The Gloucester Parliament that opened on 24 October 1407 is one of the most obscure of all the parliamentary meetings of the fifteenth century. Not only did every contemporary English chronicler but one ignore the parliament and its outcomes, the only one who did mention the assembly, Thomas Walsingham, put its meeting in the wrong month: November; and in the wrong place: London. Perhaps because of this dearth of comment by contemporaries the Gloucester Parliament has, as Chris Given-Wilson notes, never received a detailed study. Nevertheless, the Gloucester Parliament has received at least passing notice by historians who have viewed the assembly within the traditional confrontational paradigm of Henry IV and his parliaments: meeting against a backdrop of fiscal and political crisis where the king and the commons found themselves locked in a political battle.

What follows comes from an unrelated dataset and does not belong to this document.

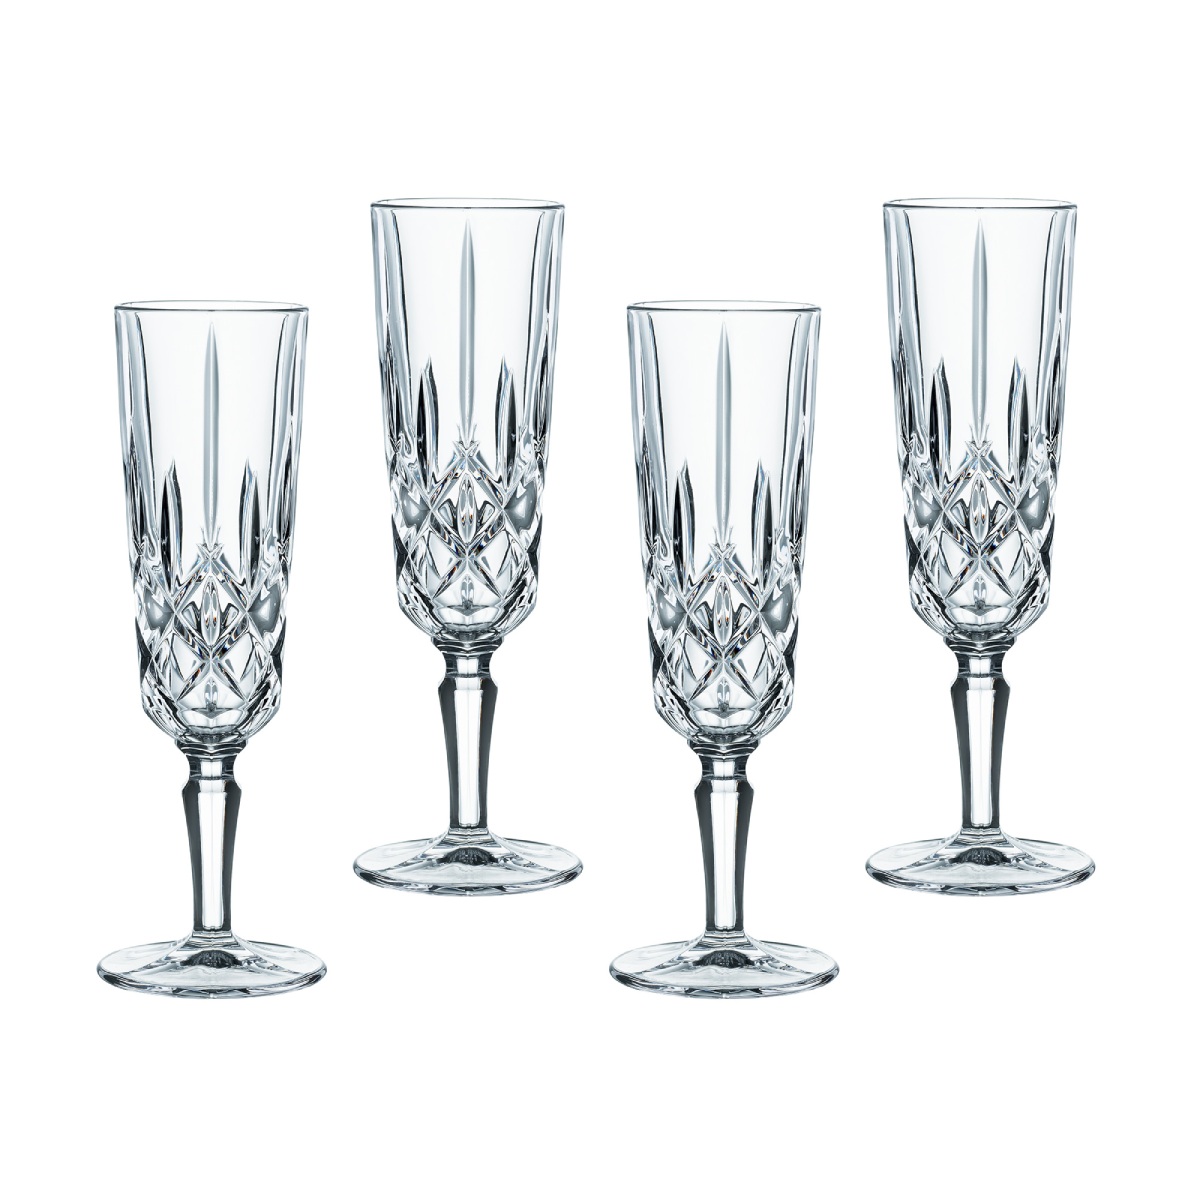 Nachtmann Noblesse Champagne Flute Set of 4 image number null
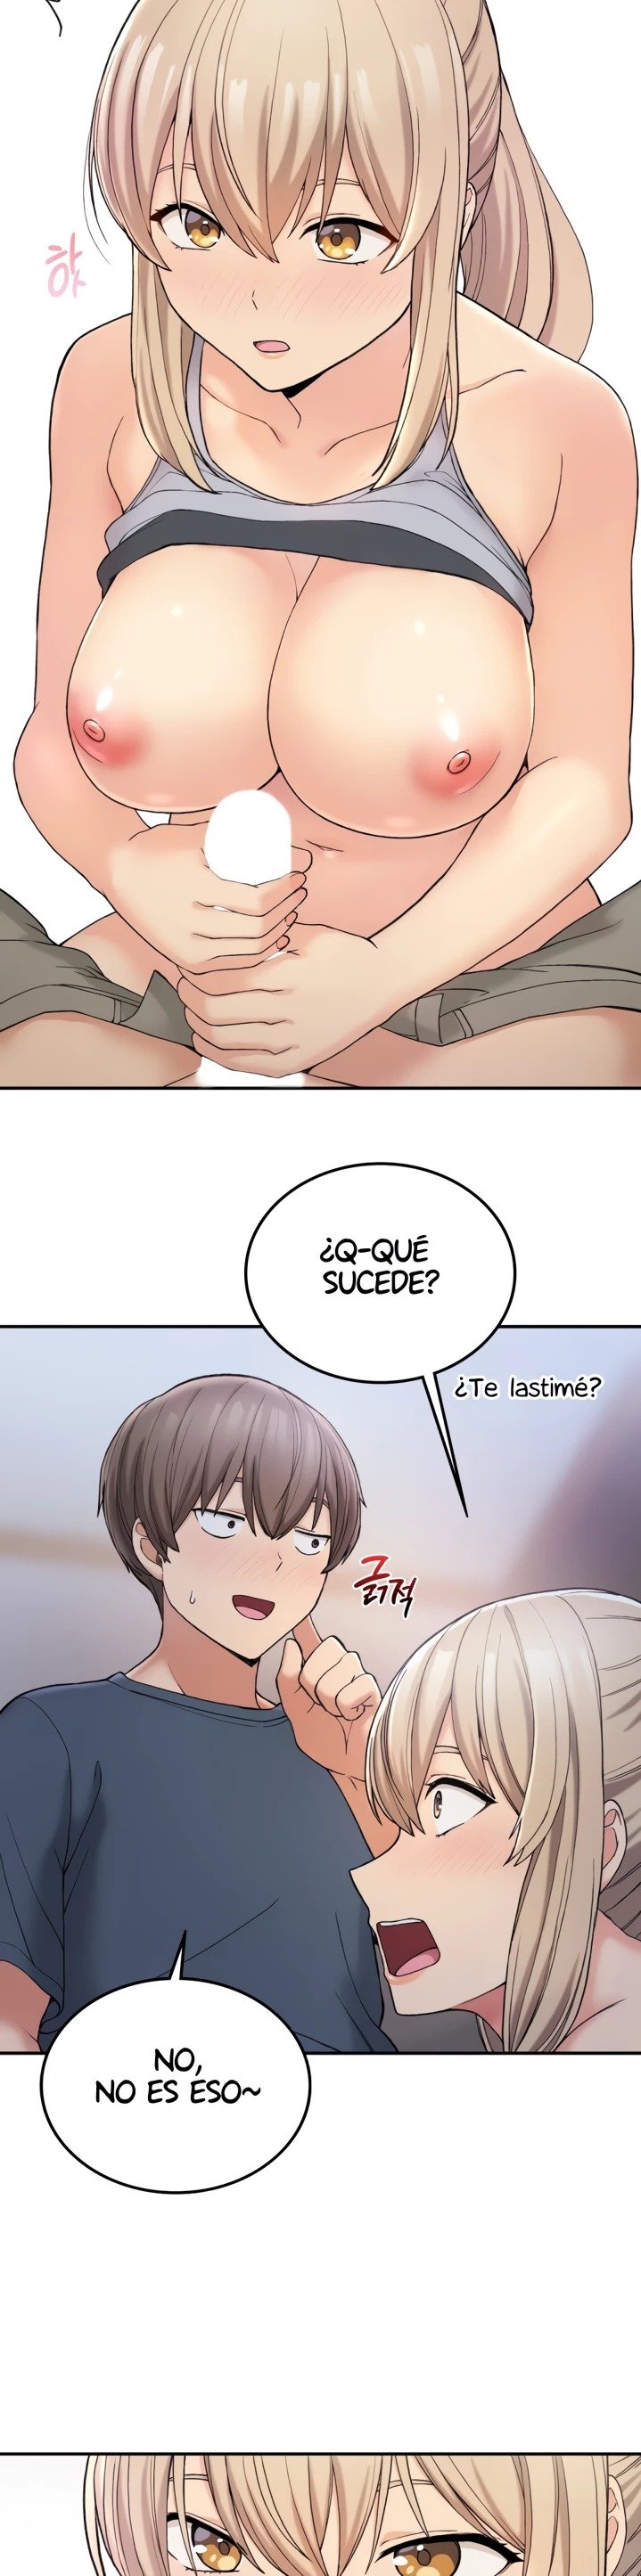 shall-we-live-together-in-the-country-raw-chap-3-28

William Stubbs saw this parliament, as those before it, embroiled in bitter conflict with Henry as it worked ‘under the constitutional rule of Lancaster’ to achieve important concessions for the powerful house of commons. James Wylie thought that Henry was ill during the period of the parliament, but that at Gloucester the relations between the king and the commons were adversarial. John Kirby found that in spite of the fact that the chancellor's opening speech centered on the theme of ‘honor the king’ it took little time for the commons of 1407, to ‘resume … their usual critical course’ against Henry. Edmund Wright agreed with this general line of the commons being in opposition to Henry IV, but argued that the council, who had governed the realm with financial responsibility and success since the end of the Long Parliament in December 1406, placated the opposition in the house sufficiently so that they acquiesced and provided the king with a subsidy. Peter McNiven, although he suggested that Henry's movements and inability to personally lead a campaign to Wales earlier that year demonstrate a king in poor health, nevertheless concluded that the relationship between Henry and the commons in 1407 was adversarial. But, fortunately for Henry, the house could not stand before the titanic personality of Archbishop Arundel who dominated the proceedings on behalf of the king, brought the commons to heel, and rammed through a generous subsidy.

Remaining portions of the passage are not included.